It is not uncommon for a company to enter liquidation while pursuing an investment arbitration. At times, its bankruptcy can be traced to the very host-state measures the company is challenging as expropriatory before the arbitral tribunal.


When that happens, the new legal representatives of the company–i.e., the court-appointed liquidator or official receiver–may pursue diverging interests from the former directors. Indeed, a liquidator’s priority is to maximize recovery for the company’s creditors based on the remaining assets available to the company in liquidation, whereas the former directors may wish to prioritize their own interests along with those of the shareholders. In a pending investment arbitration, these diverging interests usually take the form of contrasting risk preferences, with the liquidator adopting a more conservative legal strategy and the former directors and the shareholders taking a riskier approach.


Another key reason for the differing views between old and new representatives may be a result of the different positions of their respective appointers. The national court that appoints the liquidator of the claimant in a pending investment arbitration can sometimes be a state organ of the respondent party in that same arbitration, particularly where a foreign-owned company acting as a claimant is incorporated in the respondent state. In such instances, it is critical for an investment arbitral tribunal to rule out possible conflicts of interest between the new legal representatives of the company in liquidation and the respondent state, as the liquidator may be indirectly dependent or controlled by the respondent state.

In order to reflect the changes of circumstances in the management of a company in liquidation and, simultaneously, avoid possible conflicts of interests, a tribunal at the International Centre for Settlement of Investment Disputes (ICSID) has recently developed a two-step test, which will offer guidance for party representation issues going forward.
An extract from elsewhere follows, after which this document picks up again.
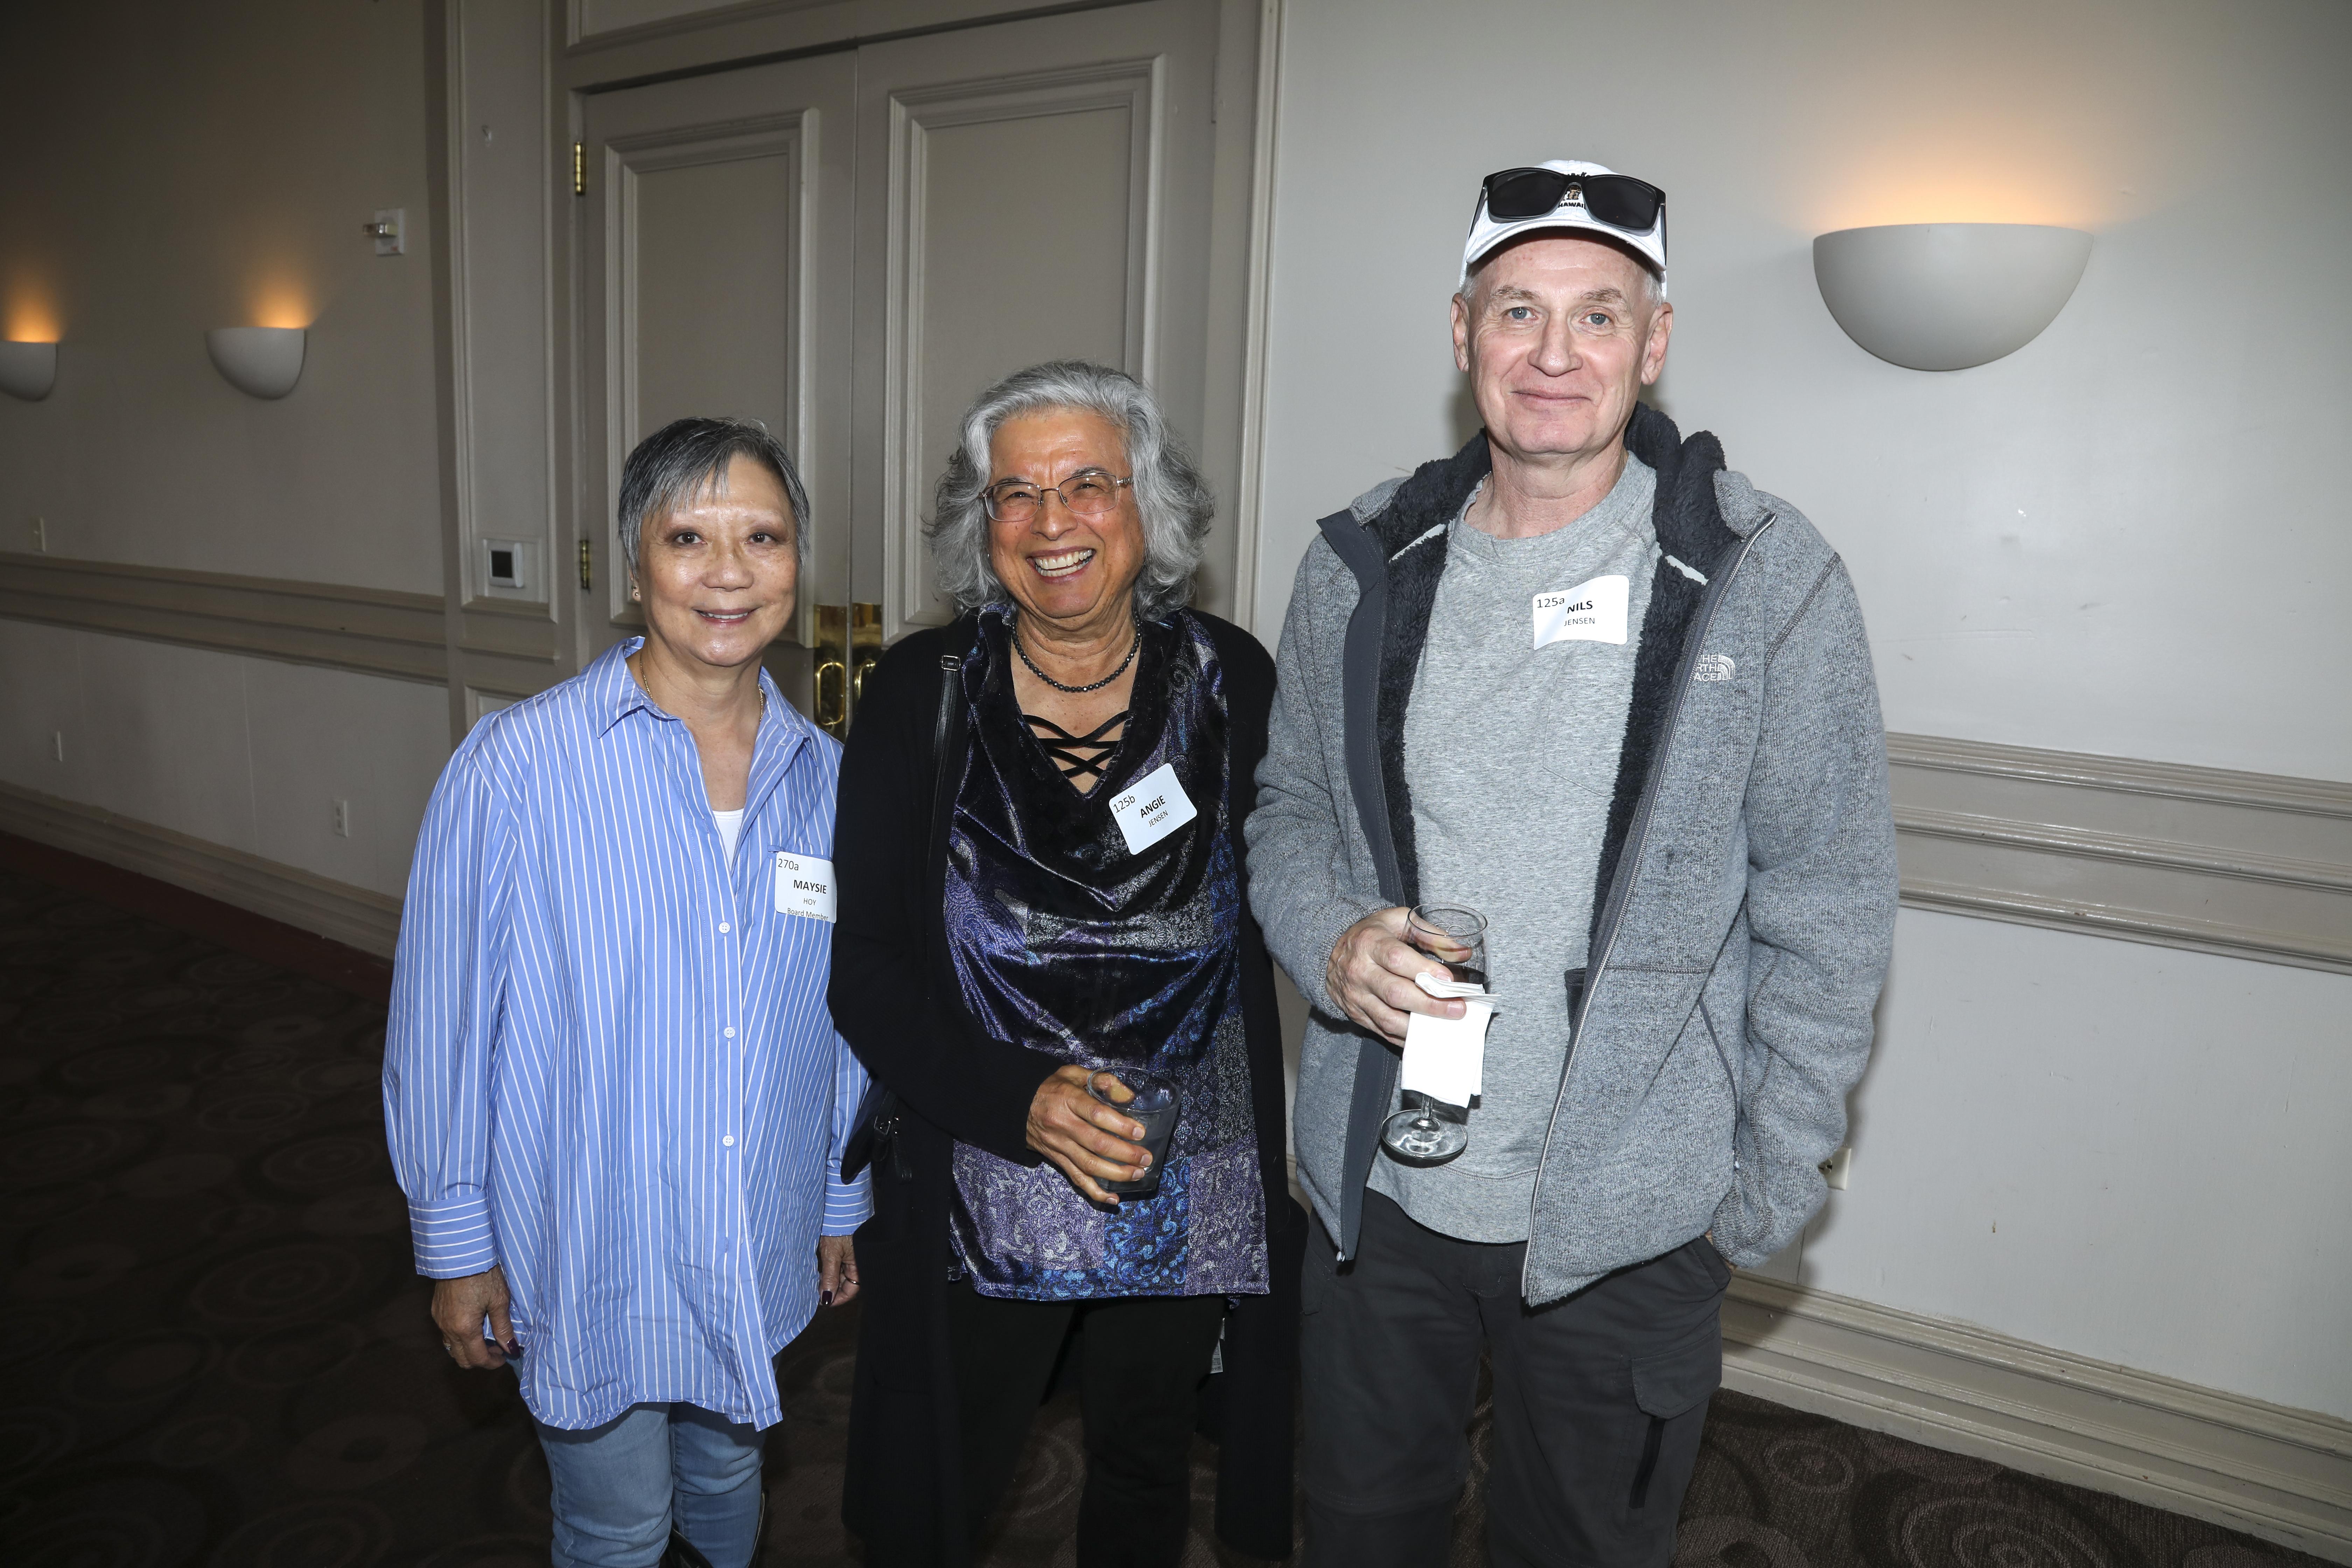 Maysie Hoy, Angie Jensen, Nils Jensen
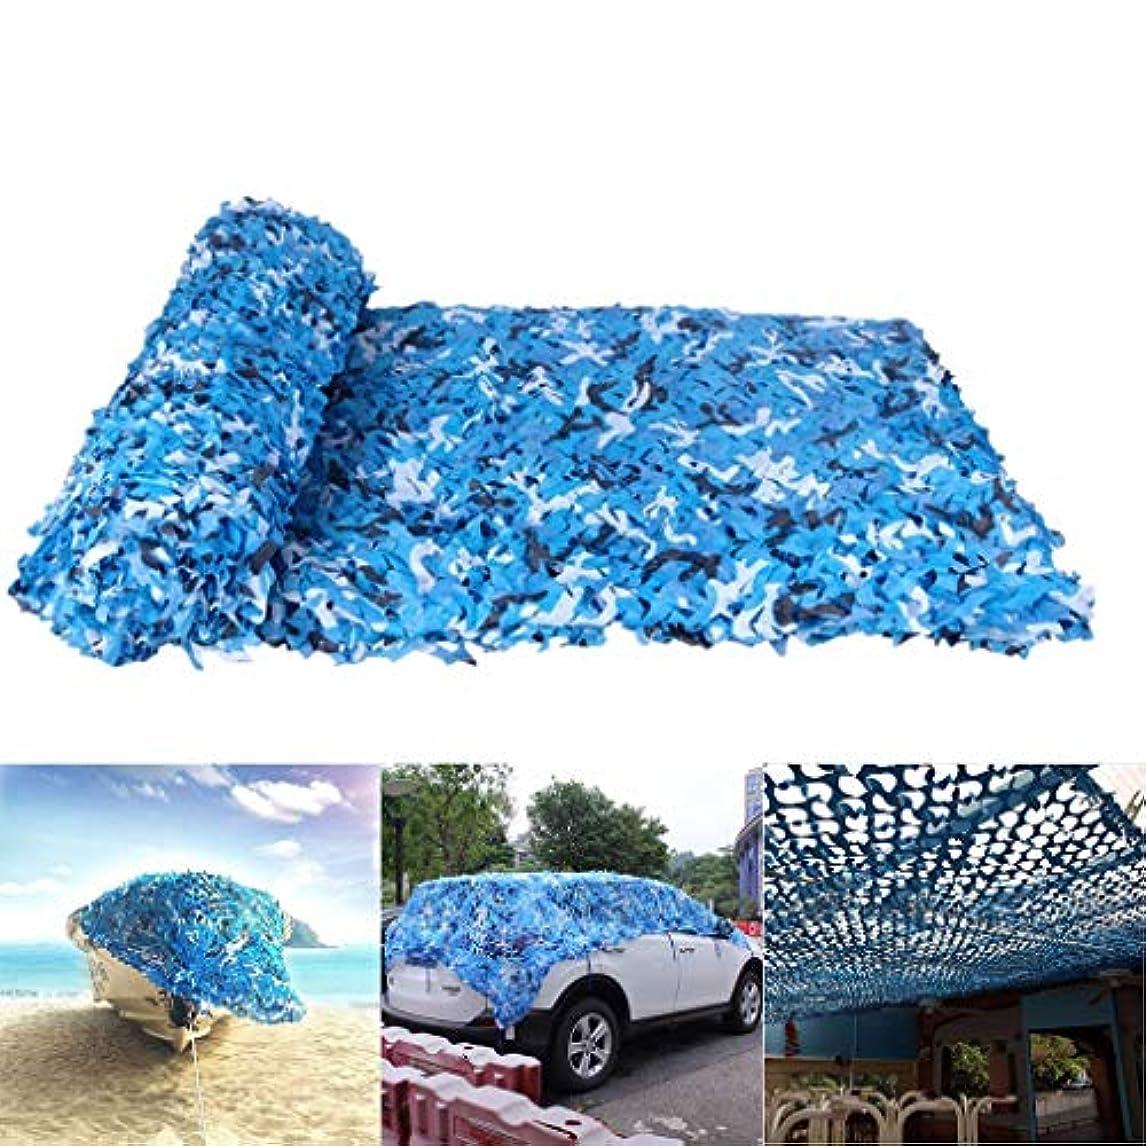 好戦的な農業のクロール装飾のキャンピングカーのための青い迷彩の網の迷彩網の浜の陰の網は日よけ2x3m / 3x3m / 3x4m / 4x5mを覆います (Color : Blue, Size : 5x10m)

Issue of Party Representation in AS PNB Banka and others v. Latvia

In AS PNB Banka and others v. Latvia, an ICSID tribunal had to decide who should represent AS PNB Banka (hereinafter the “Bank”), a claimant that had entered liquidation during the arbitral proceedings. Following the insolvency process, two alleged representatives fought to represent the Bank: the nominee of the pre-insolvency directors and the Latvian court-appointed insolvency administrator.


The insolvency administrator, supported by the respondent in the ICSID case, relied on Latvian statutory law for his authority to represent the Bank and appoint counsel. The insolvency administrator and the respondent argued that, in the absence of any rule of international law on representation of corporations, Latvian law should apply.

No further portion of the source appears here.